Адам поворачивается к ней. Она делает глубокий вдох, прежде чем продолжить:

– Мы же на самом деле не думаем, что этот тип пытается убить двадцать человек, так ведь? Я хочу сказать… – Она бросает взгляд на остальных детективов в комнате. – Он ведь никак не мог…

Адам поджимает губы. У него пересыхает во рту.

– Не знаю, – отвечает он. – Но, похоже, у него есть четкая цель. Я не думаю, что преступник остановится по собственной воле.

Он оглядывает комнату. Смотрит на своих детективов – на темные круги у них под глазами, на желтоватые из-за недостатка солнечного света лица. Слишком много долгих дней под резким светом люминесцентных ламп в штабной комнате… Адам сознает, что и сам выглядит сейчас не лучшим образом, тем более после вчерашнего – надо бы по крайней мере принять душ и переодеться. Но нельзя терять времени.

Детективы притихли. Все ждут.

– Знаете, на что бы я сейчас поставил? – спрашивает Адам, после чего мрачно заканчивает: – Он знает, кто его следующая жертва. Он уже это знает.

* * *
Выдержка из книги «Добрый Доктор:
правдивая история д-ра Элайджи Коула»

Лукас Ричардс, 1998

Детство Элайджи Коула было далеко не идиллическим. Как и у многих серийных убийц до него, его ранние годы отмечены издевательствами и насилием. Отец его был пьяницей, регулярно избивавшим свою жену; мать – тихой, непритязательной домохозяйкой. Возможно, дальнейший ход событий вполне можно было предугадать, но никто так и не вмешался, когда 20 июня 1968 года, в четверг, Люси Коул зарезала Мориса Коула кухонным ножом. Сильно избитая, придушенная и брошенная умирать, она все-таки нашла в себе силы отомстить обидчику. Все это происходило на глазах у Элайджи Коула. Тогда ему было 11 лет.

Но, вопреки многим из этих историй про серийных убийц, сам Элайджа Коул не стал домашним тираном. Совсем наоборот. Вот что он говорит про тот день: «Зная, через что он заставил пройти мою мать, я решил быть лучшим мужем и отцом, насколько это только возможно. Никогда не поднимать руку на свою жену. Быть нежным и добрым со своими детьми».

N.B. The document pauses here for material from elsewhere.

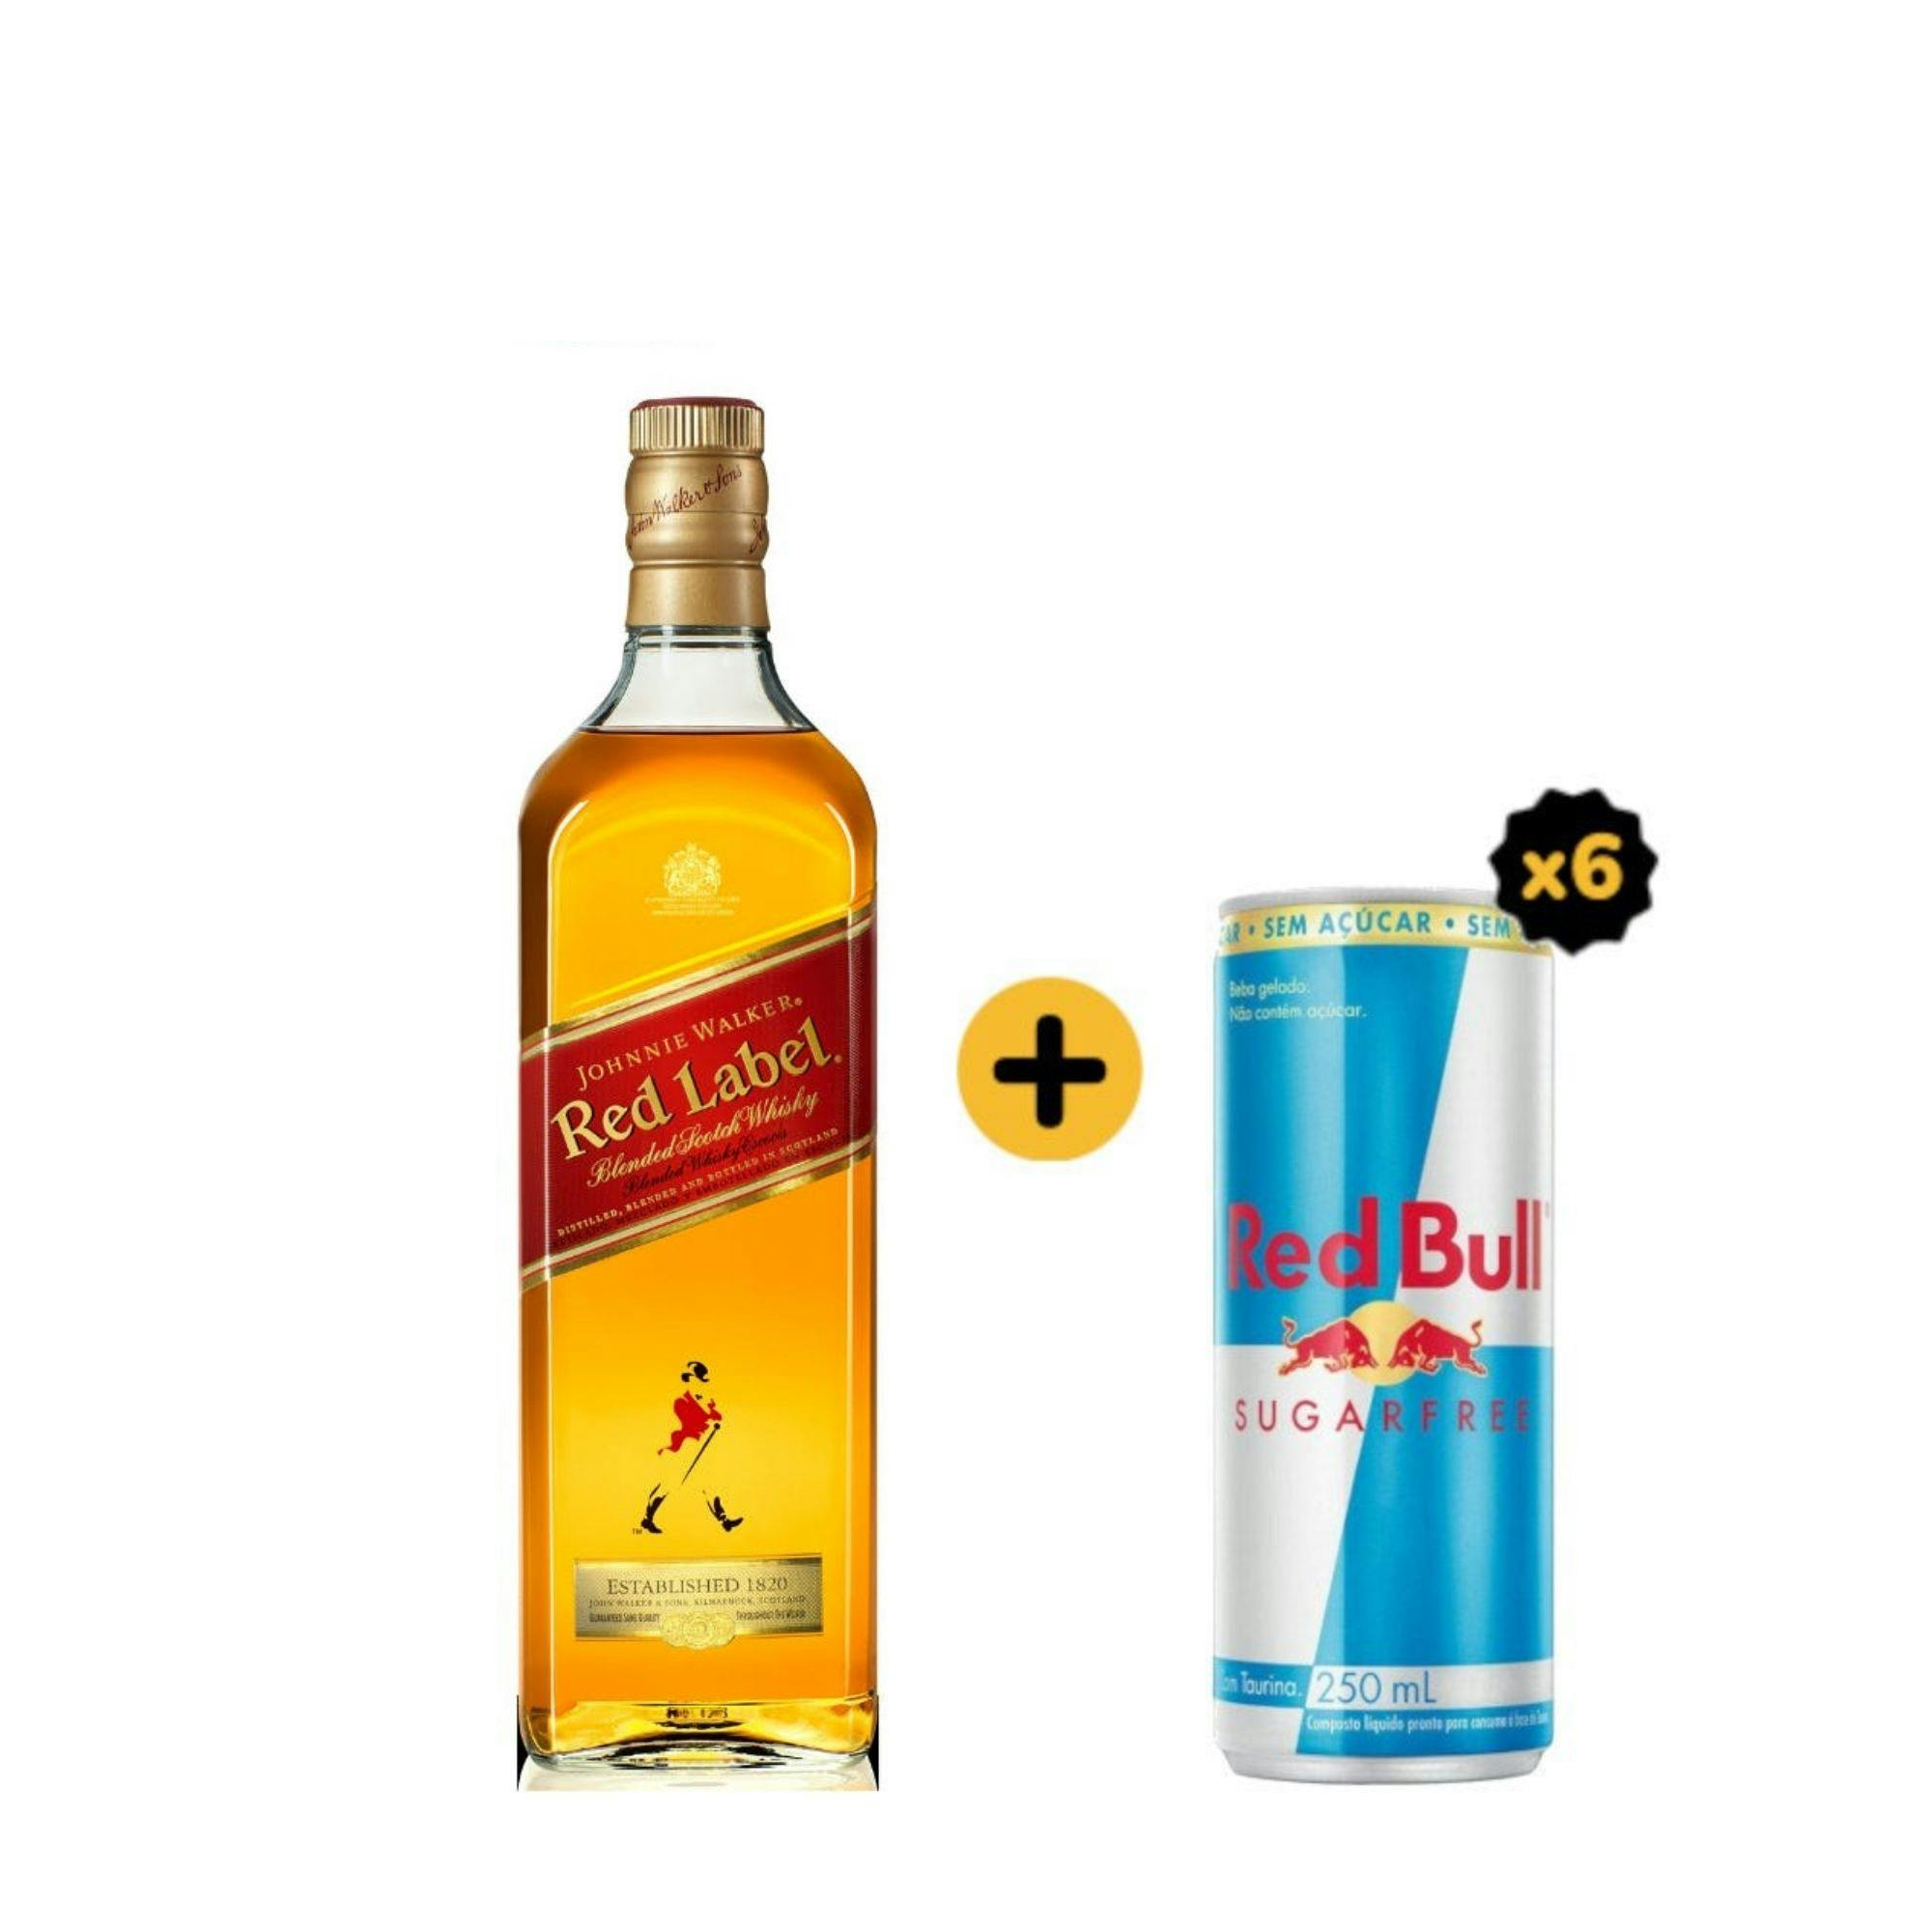 Combo Red Label + Red Bull (1 Whisky Johnnie Walker Red Label 1L + 6 Red Bull Sugarfree 250ml)

Некоторые предполагают, что после смерти жены он повредился умом от горя. Другие утверждают, что инстинкты убийцы у него были всегда – но только подавленные под воздействием обожания супруги.

Какова бы ни была причина, имеющиеся на данный момент сведения подтверждают ту решимость Коула – несмотря на то, что он творил с женщинами, найденными в принадлежащем ему флигеле. Насилуя, пытая и убивая их, он ни разу не поднял руку на свою жену. Соседи описывают Элайджу и Джоанну Коул как неразлучную пару глубоко влюбленных друг в друга людей, просто души не чаявших в своей дочери Ромилли. И хотя некоторые описывают Элайджу Коула как психопата-садиста, одного у него не отнимешь: он был хорошим мужем и отцом.

Глава 46

Адам неподвижно стоит перед человеком, которого знает лишь по газетным и телевизионным репортажам, по шепоткам в отделе полиции, легендам и преданиям. И он совсем не такой, как ожидал Адам.

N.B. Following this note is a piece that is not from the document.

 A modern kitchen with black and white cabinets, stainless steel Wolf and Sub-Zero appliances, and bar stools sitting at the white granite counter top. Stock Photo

Элайджа Коул чисто выбрит, от него пахнет мылом и стиральным порошком. Волосы аккуратно зачесаны со лба на проплешину на макушке, но держатся лучше, чем у большинства мужчин его возраста. Выглядит он именно так, как его описывали много лет назад: славный дядька, приветливый и обаятельный. Типичный сельский врач, которого в жизни ни в чем не заподозришь.